The knock on Pats is that on the main mountain, beginners are sharing the hill with everyone else.  In the valley area, they share with the park rats.  And to get from the beginner magic carpet to the valley area, you need to go through the sometimes-clusterf@$&ed base area.  Not particularly easy or beginner friendly.  Not the end of the world though, either...


Sent from my iPhone using Tapatalk


----------



## HD333 (Feb 16, 2014)

Gunstock. They have a small beginners area Penny something or other quad with like 3 ways down the lift even loads slow. It is set apart from the rest of the mountain so now people bombing through. My kids did a  seasonal program there and we were happy with them.  


Sent from my iPhone using Tapatalk


----------



## lerops (Feb 16, 2014)

joshua segal said:


> As an instructor, I also reject the idea that any beginner area that does not have more than just a rope tow, probably isn't up to 21st century standards.  I remember many a class in the rope tow era where I spent half the time just getting people to ride the rope successfully.  The Magic Carpet IMO, is the greatest innovation in ski teaching since short skis!  BTW, most guest these days are mighty upset by what the rope does to theiir gloves!



Absolutely agreed. My daughter is 4, and she was on a carpet for a few days a few weeks ago. She progressed quite a bit. Today at Plattekill with only a handle tow, her worst day ever. There is more. I will put it in my TR.

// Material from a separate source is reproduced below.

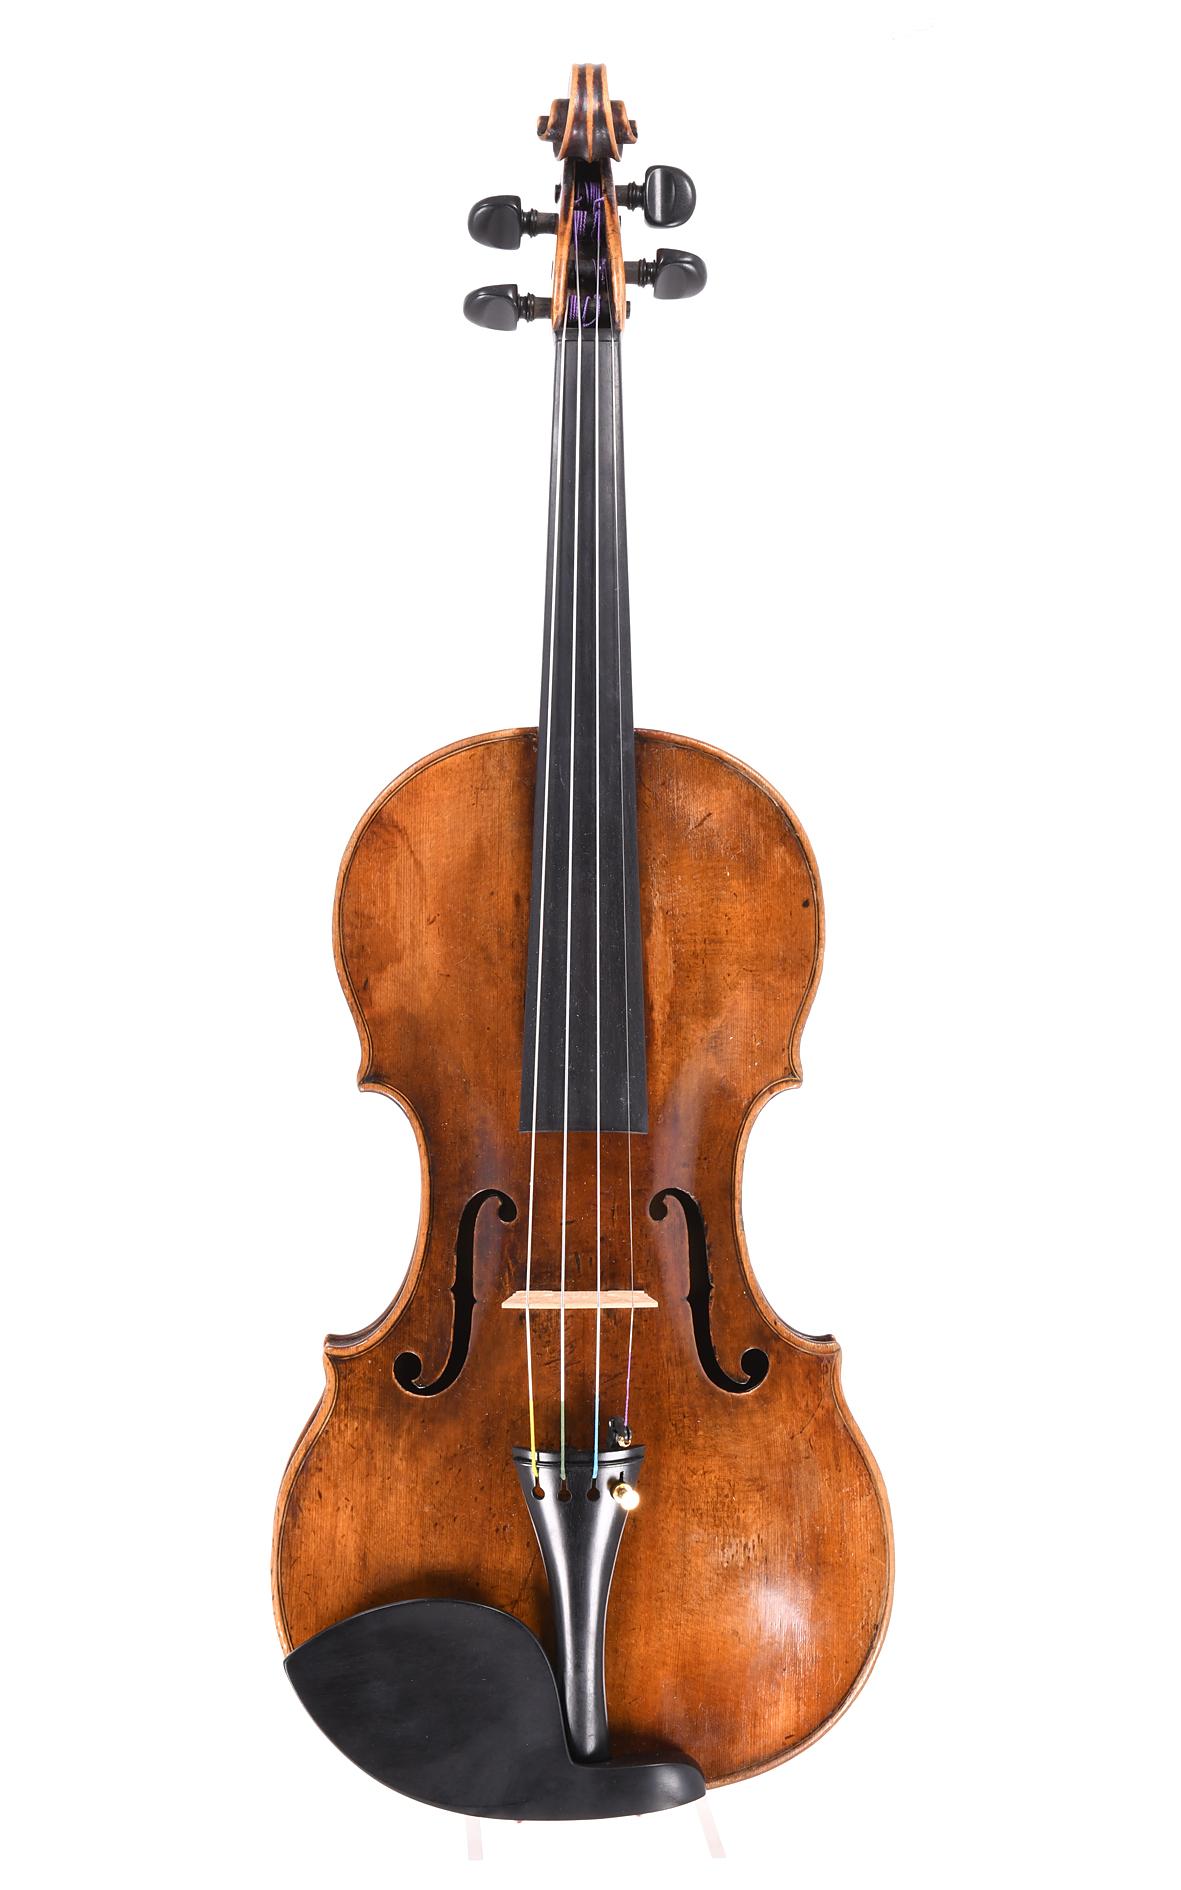 Violin by Sebastian Klotz

Great mountain, just not the right place to bring a small learning child because of the lack of a surface carpet. We will be back when she is comfortable riding the lift and skiing the very nice Plattekill green trails.

How much does a carpet cost, anyways? Not sure if it is expensive or not, but probably one of the better investments for a ski area in terms of returns. I am all for the old school skiers' mountain vibe, and really liked Plattekill; but this one is like sending a telegraph instead of calling somebody.


----------